• No results found

Chapter 6: Discussion

6.2 Prevention as pedagogical and cultural control

6.2.2 The dialectics of discourse

The narrow discursive practice contain certain language choices, such as an inherent focus on individual vulnerability as a societal risk, which align it more closely with the discursive order of the radicalisation discourse. However, it is arguably not only the securitising radicalisation discourse that advances this individualised focus, as there are clearly other rhetoric forces and ideological assumptions at play here. By analysing the orders of discourse, CDA allows for examining which discourses are present within a field, what interests they serve, and what ideological structures are prioritised over others. This can be done by analysing how discursive practices are networked together in the social ordering within a field, which draw attention to power, as some ways of making meaning are more dominant or mainstream in a particular order of discourse, while others are marginal or alternative (Fairclough, 2003).

Analysing the orders of discourse revealed not only the presence of the narrow and wide discourses on the prevention of radicalisation and

violent extremism but also a discourse on neoliberal governance (Lindekilde, 2012b) and a discourse on the therapeutisation of education (Biesta, 2009). Hence, the popularity of the psychological well-being of students can be an example of how the discursive practice of therapeutisation in education is dominating other educational discourses (Durodié, 2016). This may be suggestive of a hegemonic process in the orders of discourse or a particular way of conceptualising power to universalise a particular representation of the world, namely how radicalisation is represented as an existential threat caused by vulnerable young lives. Thus, the democratic and egalitarian elements of good education that promote subjectification, emancipation and resilience in schools, might be coexisting with a securitisation paradigm that manifests itself in an authoritarian element of detecting and controlling students as threat objects. The latter discourse is foremost a political and ideological project that restructures social relations in accord with the security demands of the unrestrained Global War on Terror doctrine.

Any capacity to exercise hegemony depends on the degree to which one representation dominates others, yet Fairclough (2003) argues that the effectiveness of hegemonic processes links to how pervasively the meaning relations are repeated in various types of texts and how alternatives are excluded. Thus, it might be that we are witnessing the securitising radicalisation discourse colonising other discursive orders, most notably the utilitarian and instrumental discourse on neoliberal governance, where students can be seen as subject to state interventions that promote competition and efficiency, and also the discourse on therapeutic interventions, with its emphasis on student pathology.
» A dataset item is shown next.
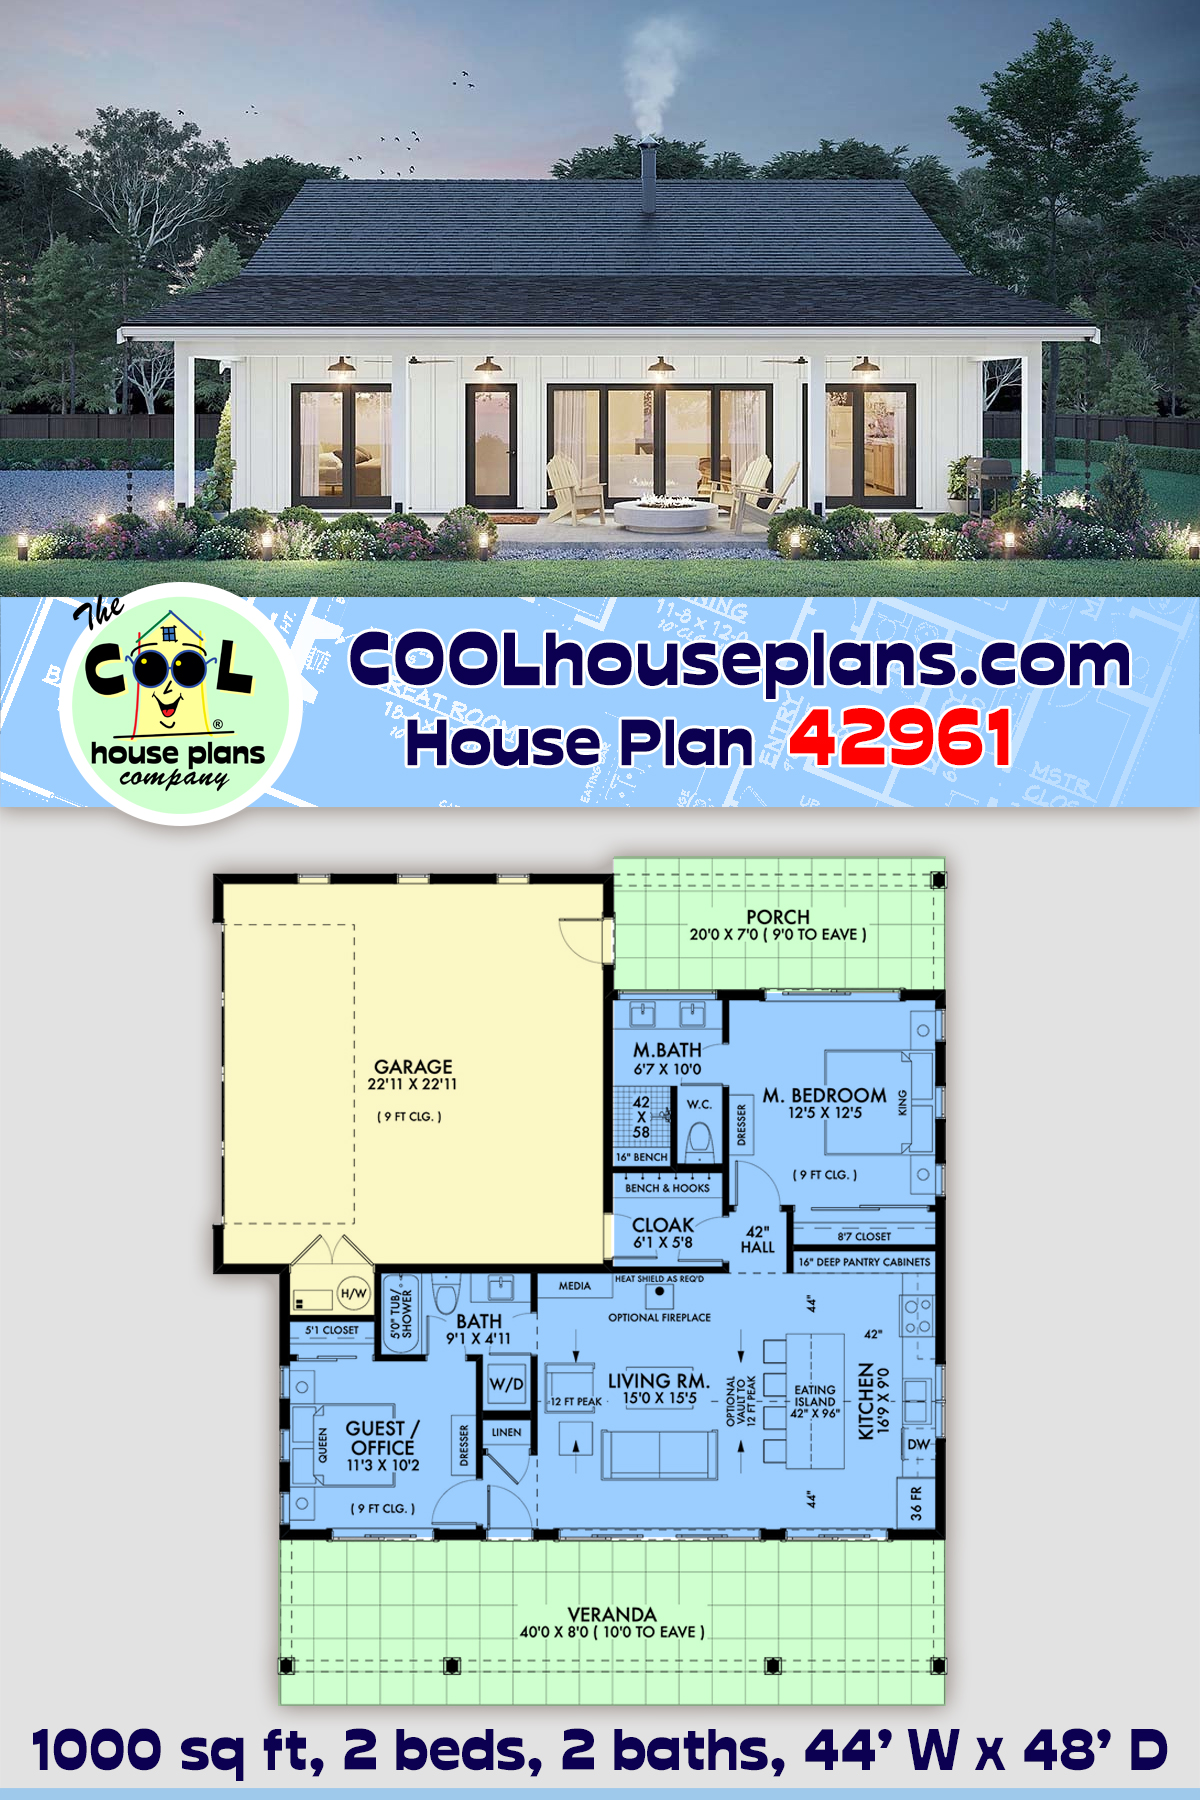 Cottage, Country, Farmhouse, Southern House Plan 42961 with 2 Beds, 2 Baths, 2 Car Garage
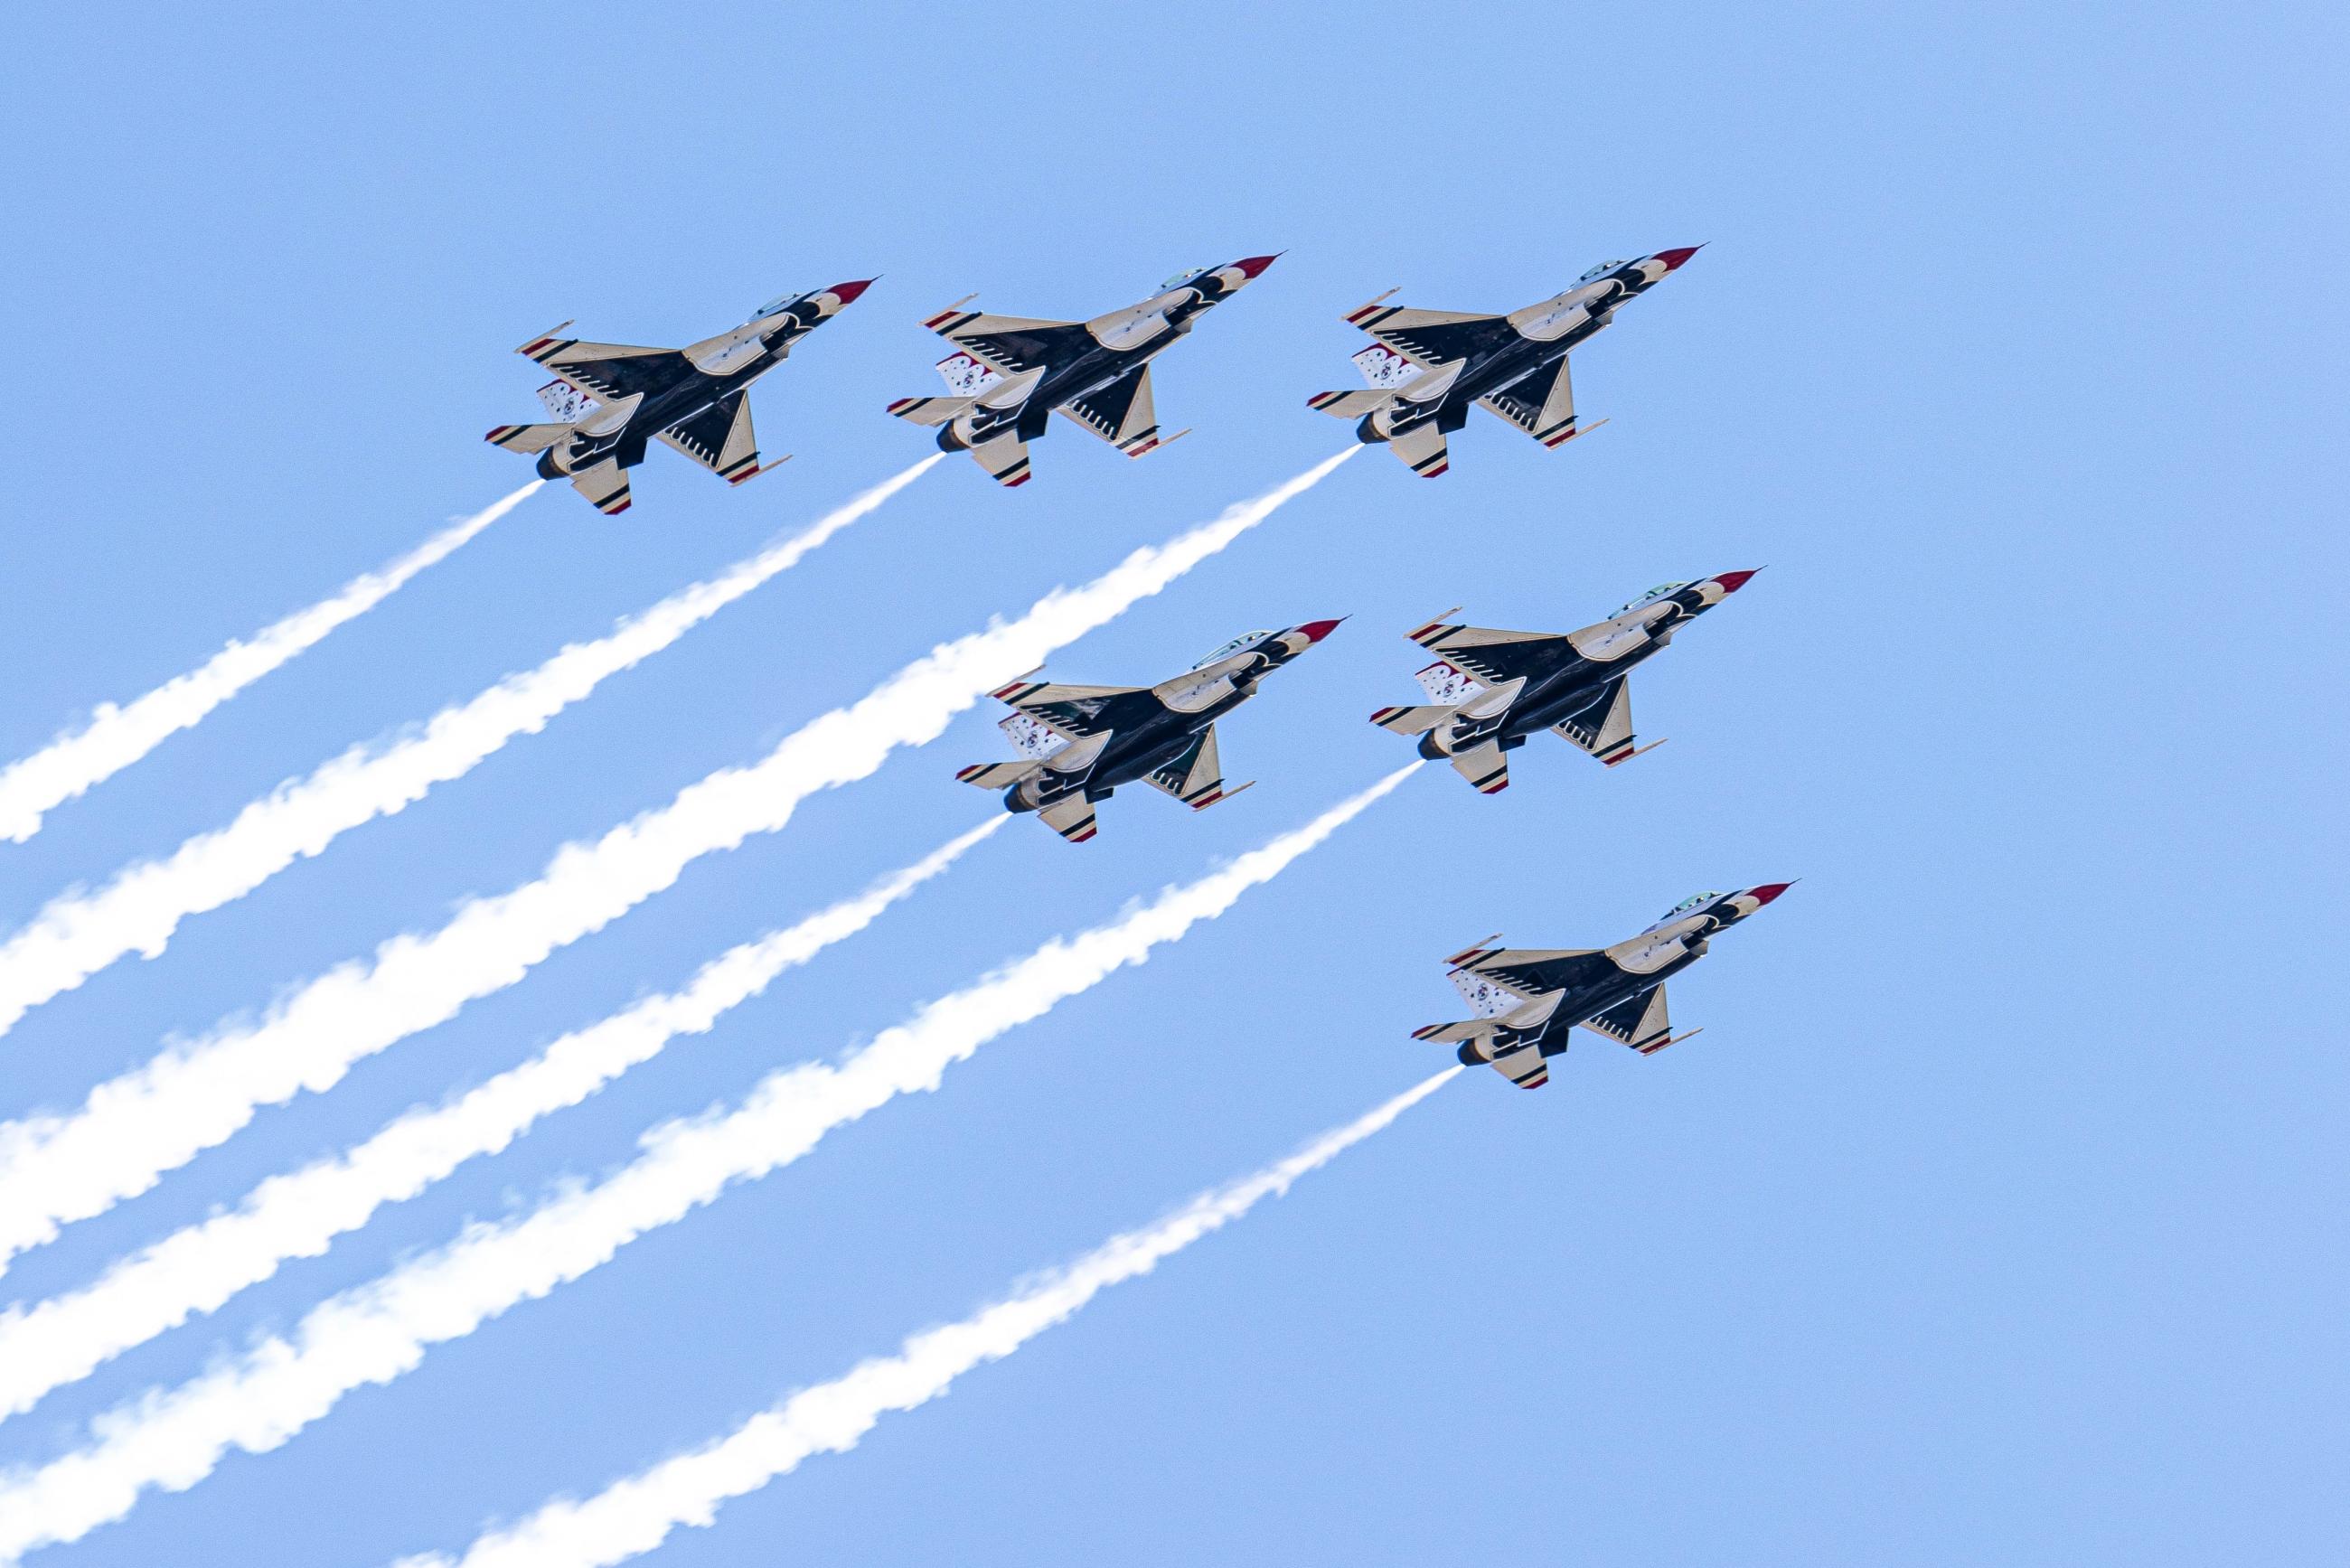 Six air force planes flying in sync

Yet, alternative explanations for this hegemonic process should be considered, and one interesting suggestion is provided by Durodié (2016) who argues that the focus on the securitisation of education might be one-sided. He claims that there is reason to surmise that fields of security and education could be understood to overlap and interact with each other through a dialectic relationship, in which it is worth exploring

[W]hereby the language and practice of security appear to be being transformed by certain actions and assumptions already common to the world education. Instead of asking how the new security discourse and associated legislation affect education, we will examine aspects of how […] it may rather be the therapeutisation of security that we are really observing (pp. 21-22).

The same might arguably be the case with the neoliberal discourse on governance. For Lindekilde (2012b), the popularity of the radicalisation discourse is illustrated by the ease with which it fuses with neoliberal governance. He argue that the preventive ideals that are embedded in the radicalisation discourse connect with the mode of regulation of neo-liberal governmentality, where the individual’s free choice is made the locus of change and regulation. Yet, Lindekilde (2012b, p. 115) recognises that there are matters at play within the radicalisation discourse that might not be very consistent with the democratic ideals of changing behaviours by influencing attitudes. For instance, there is the use of harder security measures, including profiling, surveillance and zero-tolerance strategies, which are problematic social practices.

Although the radicalisation discourse, with its emphasis on individual trajectories and vulnerability factors, has become accepted in the political realm, these approaches have produced inconclusive results in terms of preventing radicalisation and violent extremism (O’Donnell, 2016b). The dominant focus on individual vulnerability as a threat to security can also lead to a new discourse arrangement, where schools become arenas for instructing students to think and behave in certain ways, so as not to become terrorists (Mattsson, 2018b). This inherent focus on vulnerable individuals tends to divert attention from structural reasons for why people commit to terrorism (Pape, 2003, 2005), thus, it removes the political from political violence. Yet, any structural reasons driving terrorists will persist and, thus, may continue to enable people to commit to political violence and terrorism (Mattsson, 2018b).

These dilemmas are arguably one of the main reasons why this study discovered resistance towards the radicalisation discourse. After

all, people do not normally turn to teaching in order to prevent terrorism, and the idea of protecting the state from students may not sit easily with educators. This scepticism is mirrored in similar research (Busher et al., 2017; Kühle & Lindekilde, 2010; Mattsson, 2018a), as counter-radicalisation efforts can cause harmful and exclusionary practices that arguably do not reduce risk in schools, but may very well add to it.